​RDC : Le budget de l’État sous le poids d’une « économie de guerre »

​Alors que le gouvernement congolais prévoit de consacrer un tiers de son budget 2026 à la défense, le Fonds monétaire international (FMI) s’inquiète de l’explosion des dépenses d’urgence et de leur impact sur la transparence des finances publiques.
​Par la Rédaction
​L’effort de guerre en République démocratique du Congo (RDC) prend des proportions budgétaires inédites. Le 18 novembre dernier, la Première ministre Judith Suminwa a présenté devant l’Assemblée nationale un projet de loi de finances où la priorité est sans équivoque : 30 % du budget total sera alloué aux forces de défense et de sécurité. Cette mobilisation financière s’inscrit dans un plan plus large prévoyant d’investir cinq milliards de dollars dans le secteur sécuritaire sur la période 2026-2030.
​L’urgence comme norme budgétaire
​Cette priorité nationale, dictée par une situation sécuritaire volatile — particulièrement dans l’est du pays où l’impact des accords de paix reste quasi nul —, se traduit par un recours massif aux circuits financiers d’exception.
​Selon les données du FMI, les procédures d’urgence sont devenues le mode opératoire prédominant pour financer la sécurité. Les chiffres pour l’année 2025 sont éloquents :
​Au premier trimestre, près de 90 % des dépenses d’urgence concernaient le secteur sécuritaire.
​Cette proportion a crû aux deuxième et troisième trimestres pour atteindre la quasi-totalité des fonds engagés.


​Sur l’ensemble de l’année, le FMI estime que plus de 95 % des dépenses effectuées en urgence ont été consacrées à la sécurité.
​Un risque pour la transparence et la stabilité
​Si les autorités congolaises justifient ces pratiques par l’impératif du terrain et assurent que ces dépenses sont régularisées a posteriori conformément à la loi, l’institution de Bretton Woods tire la sonnette d’alarme. Le FMI juge ce recours « excessif », soulignant qu’il dépasse les plafonds indicatifs du programme financier en cours.
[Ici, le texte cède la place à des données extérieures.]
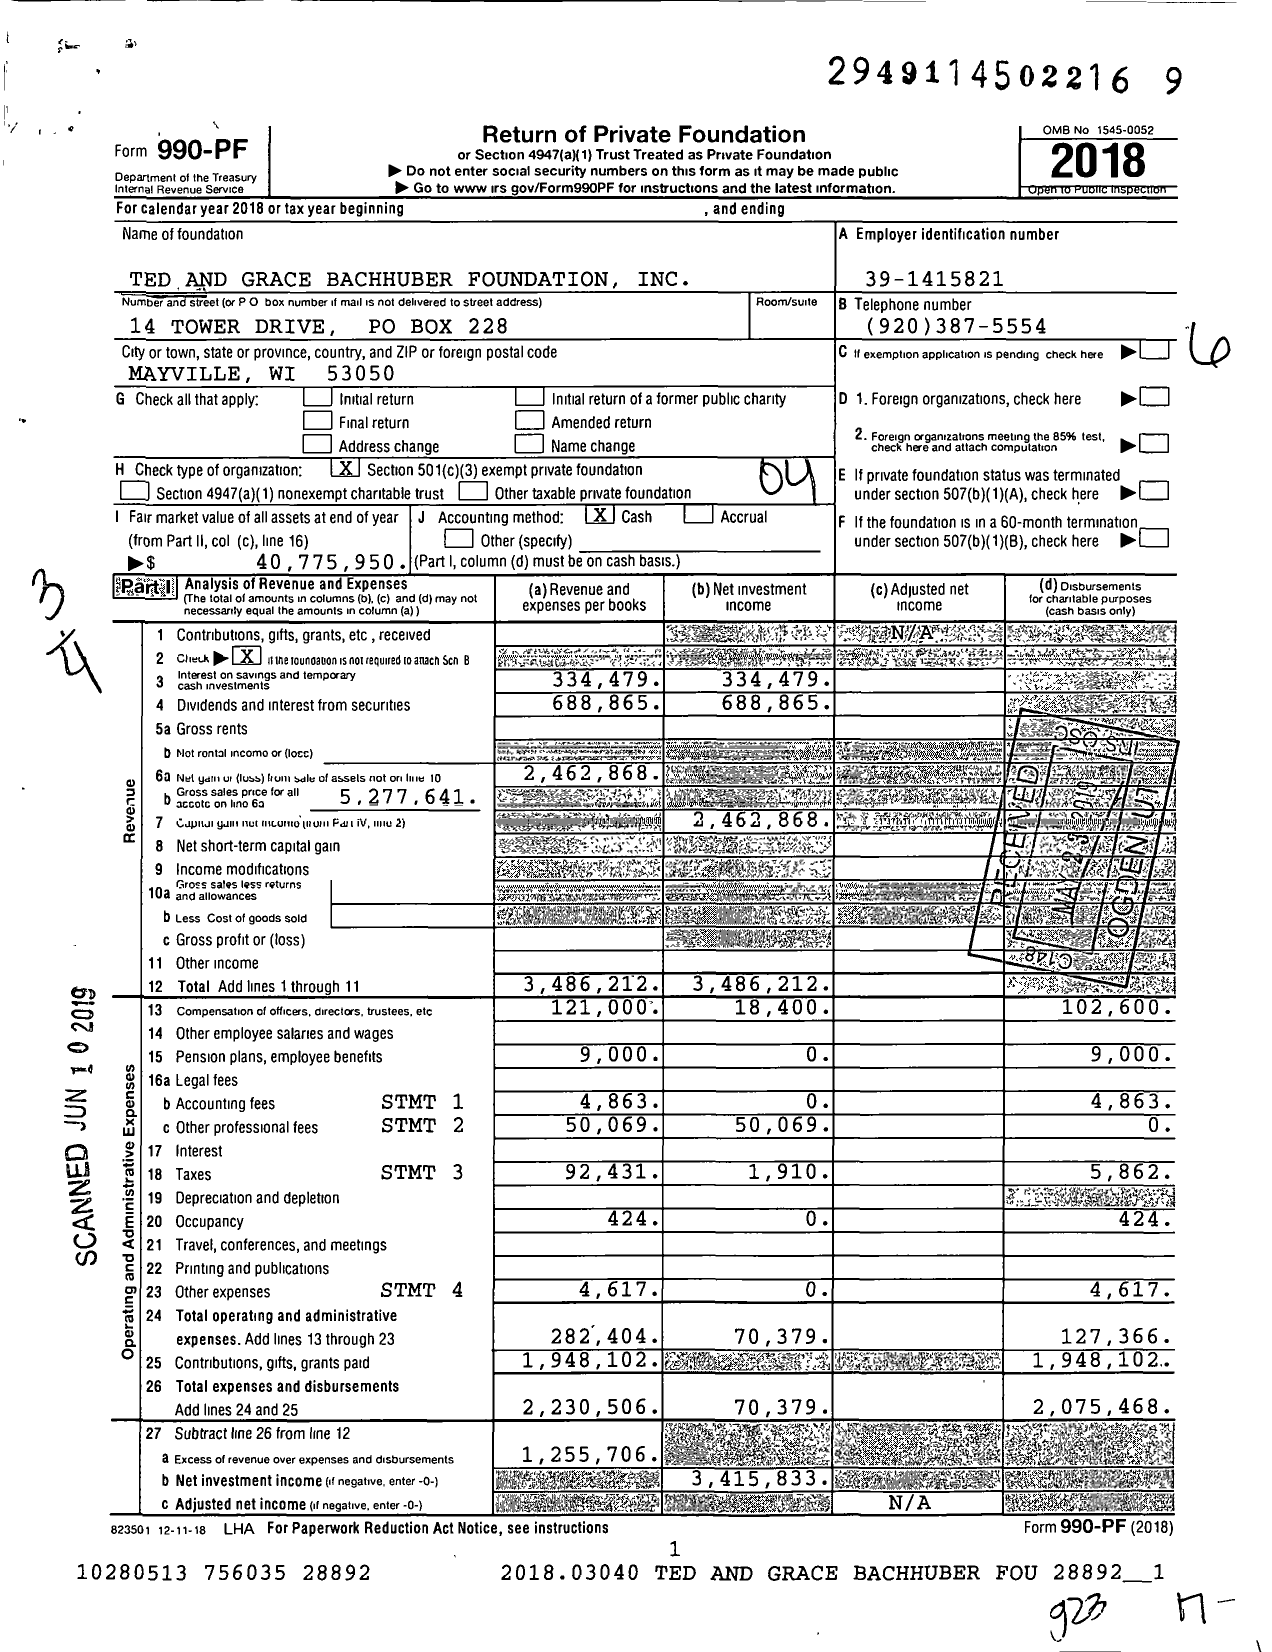 Image of first page of 2018 Form 990PF for Ted and Grace Bachhuber Foundation
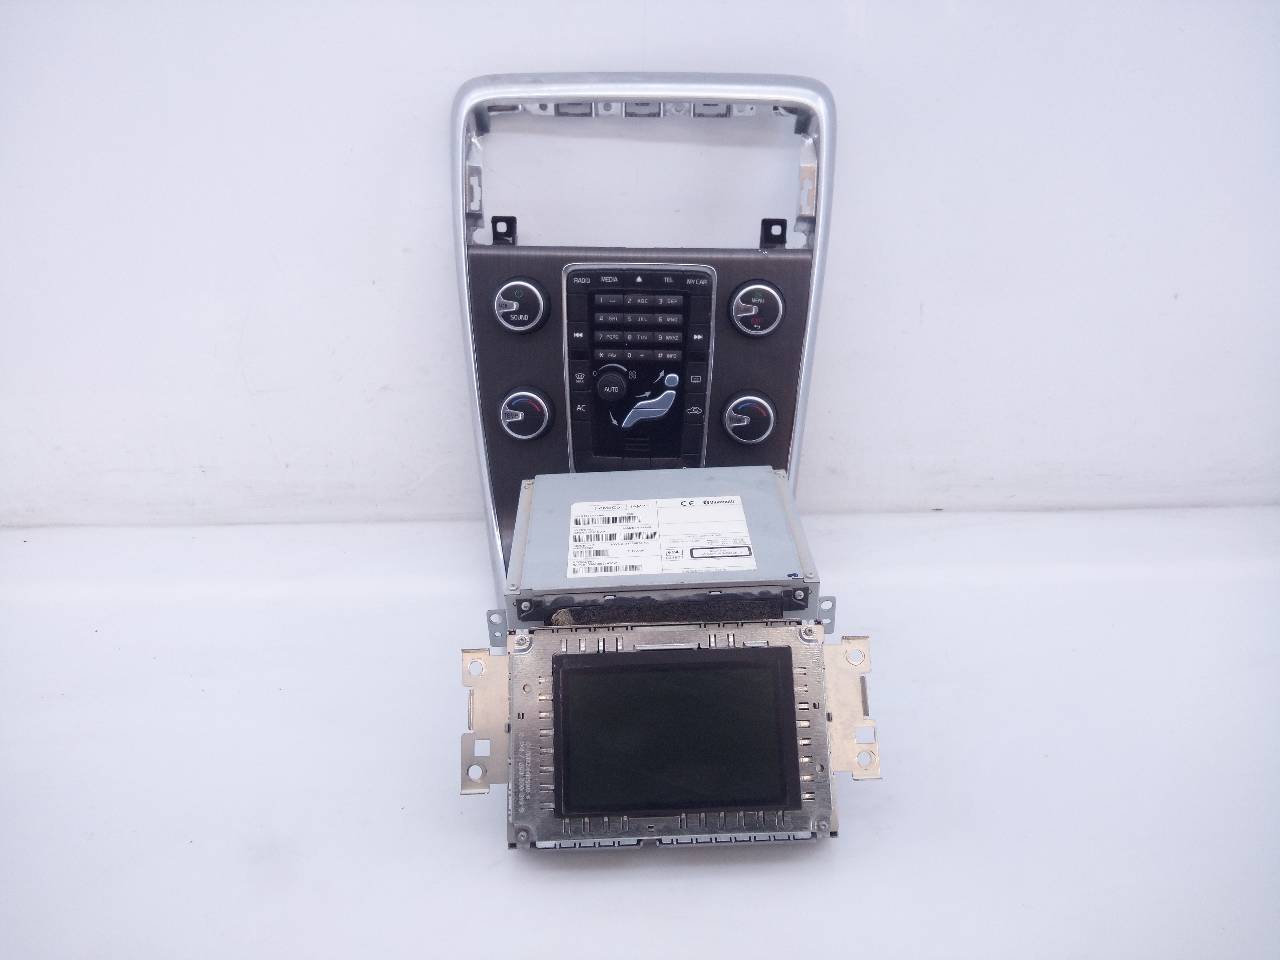 VOLVO 1 generation (2000-2009) Music Player Without GPS 31328307, 31328803AA, E3-B5-48-2 18507003

​Pour les experts du Fonds, cette opacité réduit la transparence budgétaire et complique sérieusement le contrôle des deniers publics. Plus inquiétant encore, l’insécurité est désormais identifiée comme un risque majeur pour l’équilibre du budget de l’État. En cas d’aggravation du conflit, les dépenses liées à la sécurité pourraient s’envoler jusqu’à atteindre 2 % du produit intérieur brut (PIB).
​Vers un retour à l’orthodoxie ?
​Conscientes des tensions que cette situation fait peser sur ses relations avec les partenaires internationaux, les autorités congolaises se sont engagées à réintégrer progressivement ces flux financiers dans les procédures budgétaires normales. Toutefois, cette promesse reste suspendue à une condition de taille : une amélioration tangible de la situation sécuritaire sur le terrain, une perspective qui semble encore lointaine.